■ Try it
Copy the lines below as they are; omit the images they contain.

■ Data excerpt
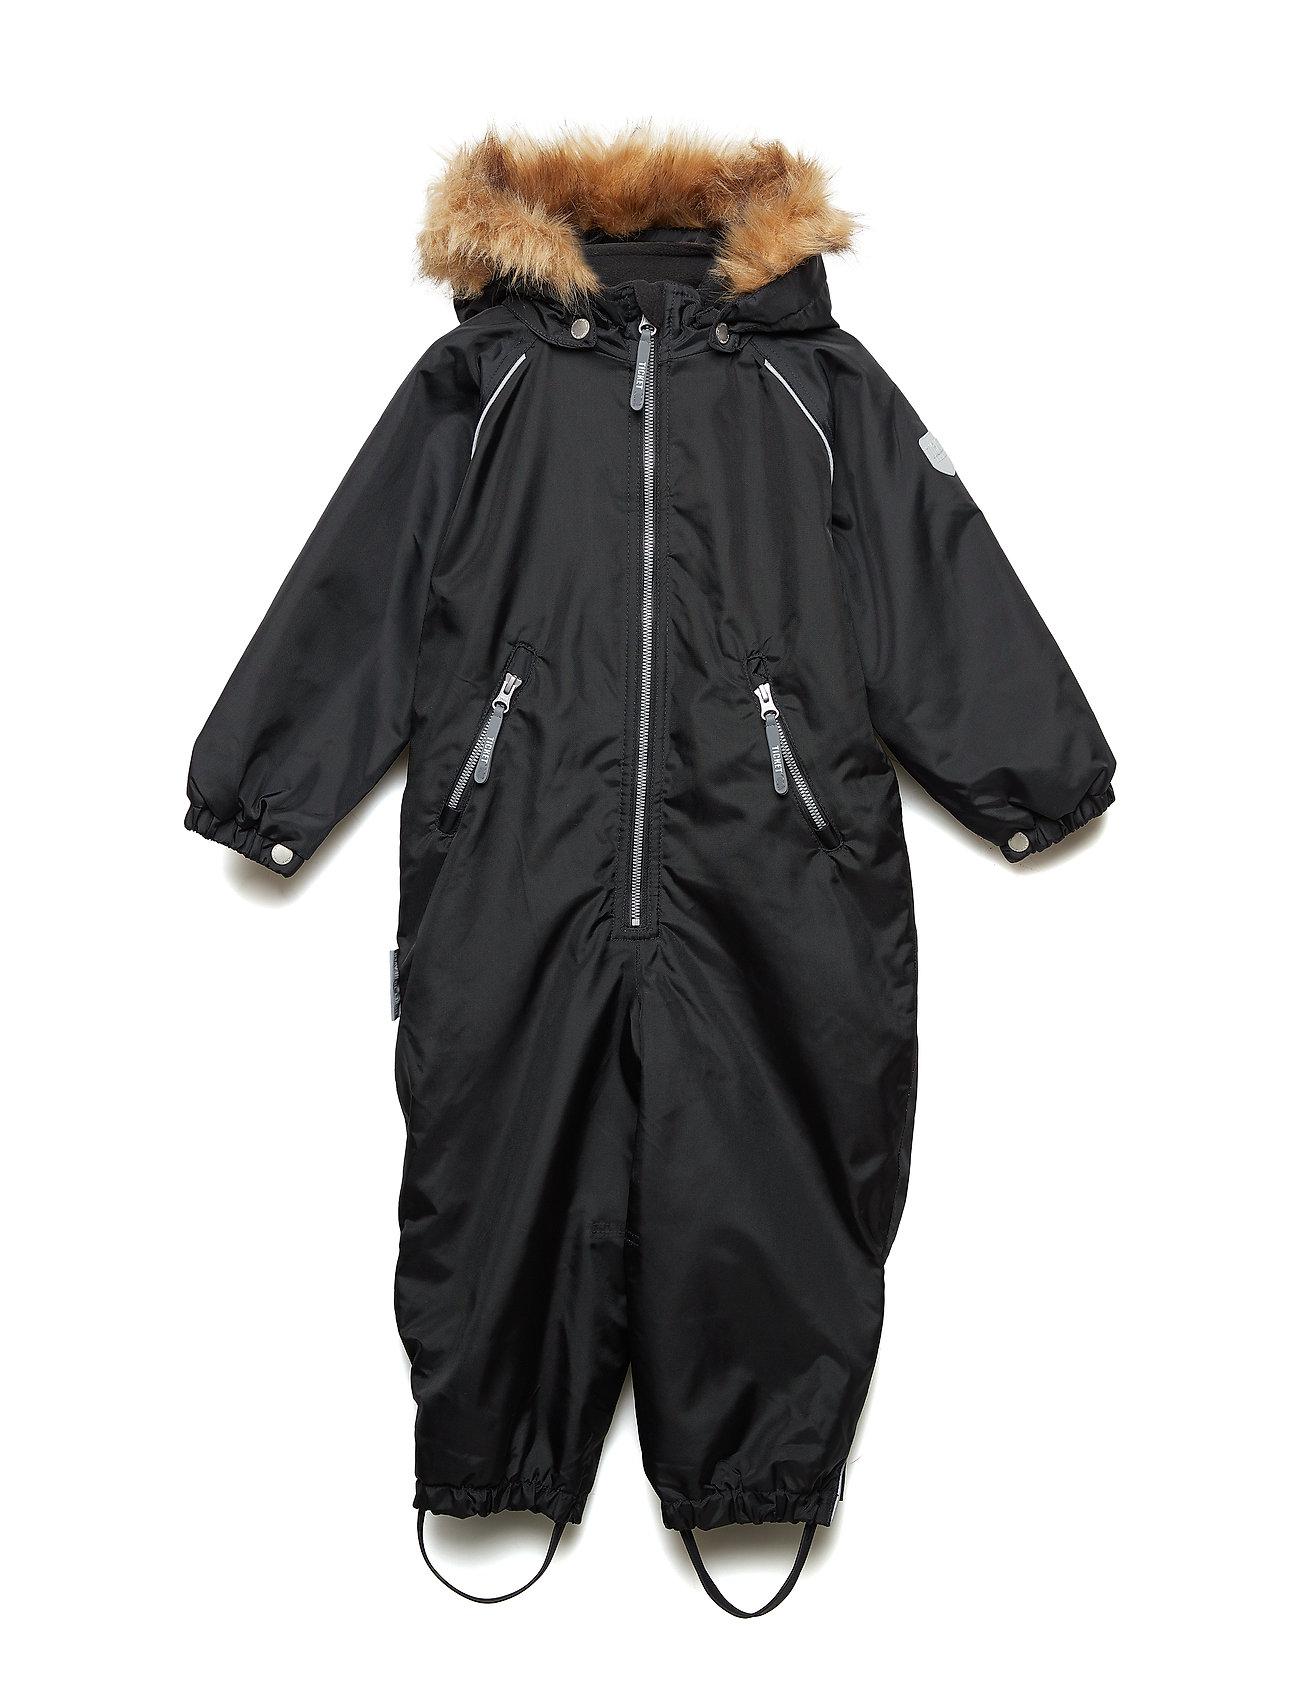 ed4befb4c3e Suit Snowbaggie With Detachable Hood Flyverdragt Overtøj Sort TICKET TO  HEAVEN
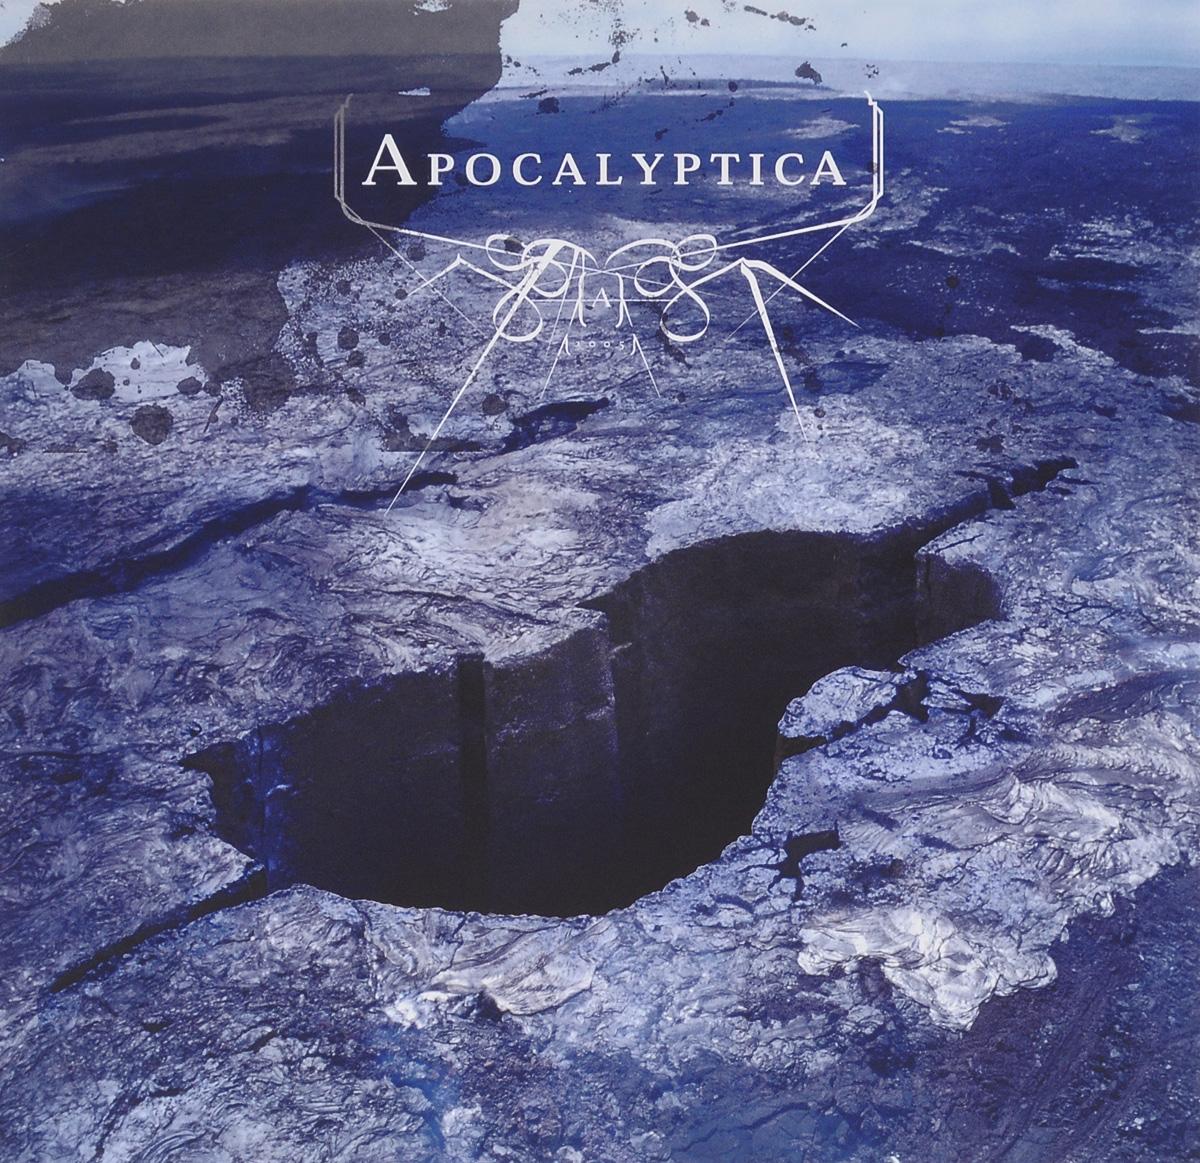 Apocalyptica Apocalyptica. Apocalyptica (2 LP + CD) ���������� �������������� ���������� �������������� �������� �������������������� ������������������������ ���������������� 1 2 3 ������������ 2 cd
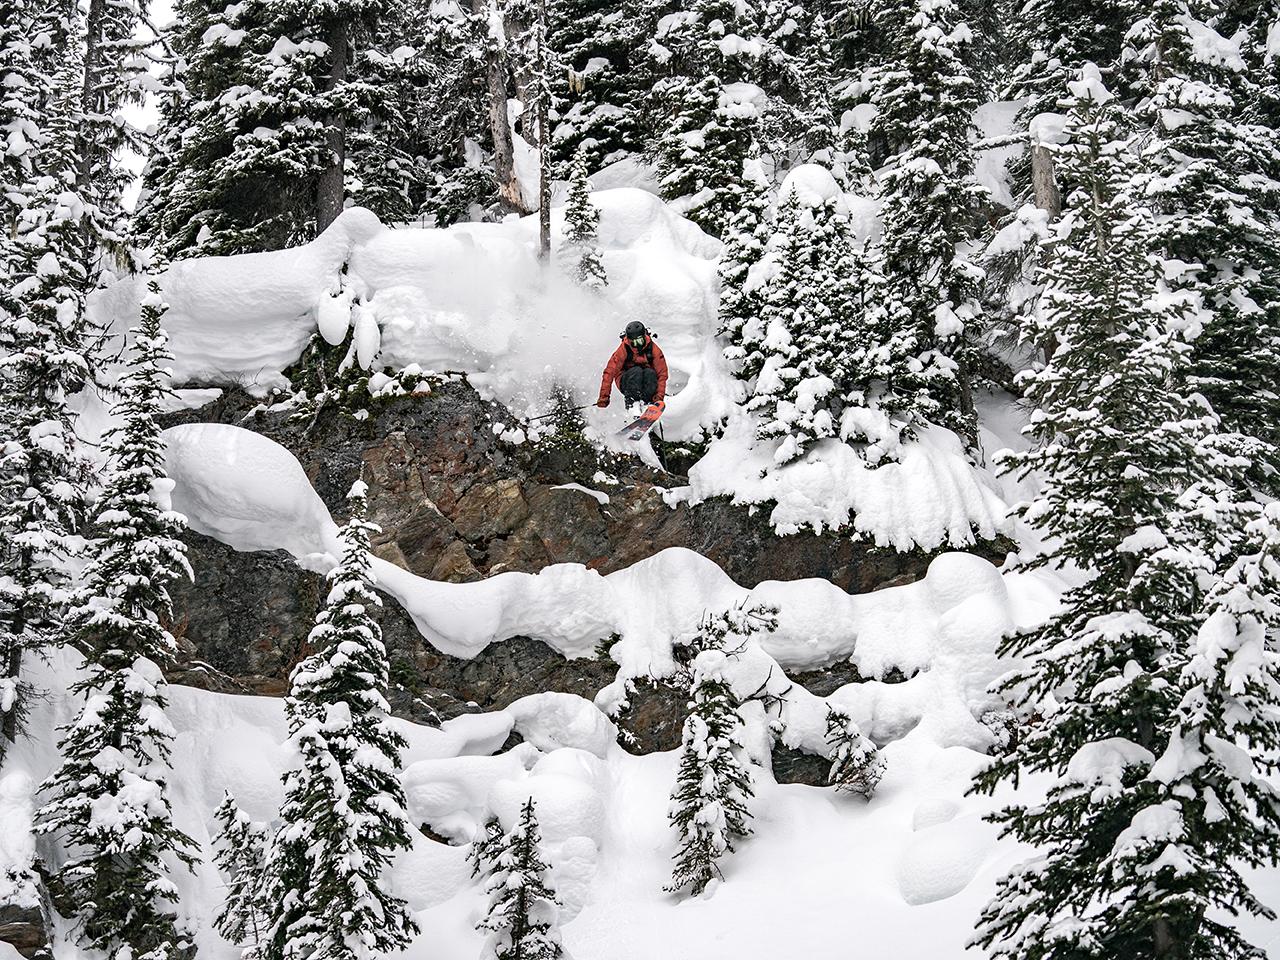 Liberty Skis Origin 112 Freeride, Backcountry, and Powder Ski

■ Exercise response
 ed4befb4c3e Suit Snowbaggie With Detachable Hood Flyverdragt Overtøj Sort TICKET TO  HEAVEN
 Apocalyptica Apocalyptica. Apocalyptica (2 LP + CD) ���������� �������������� ���������� �������������� �������� �������������������� ������������������������ ���������������� 1 2 3 ������������ 2 cd
 Liberty Skis Origin 112 Freeride, Backcountry, and Powder Ski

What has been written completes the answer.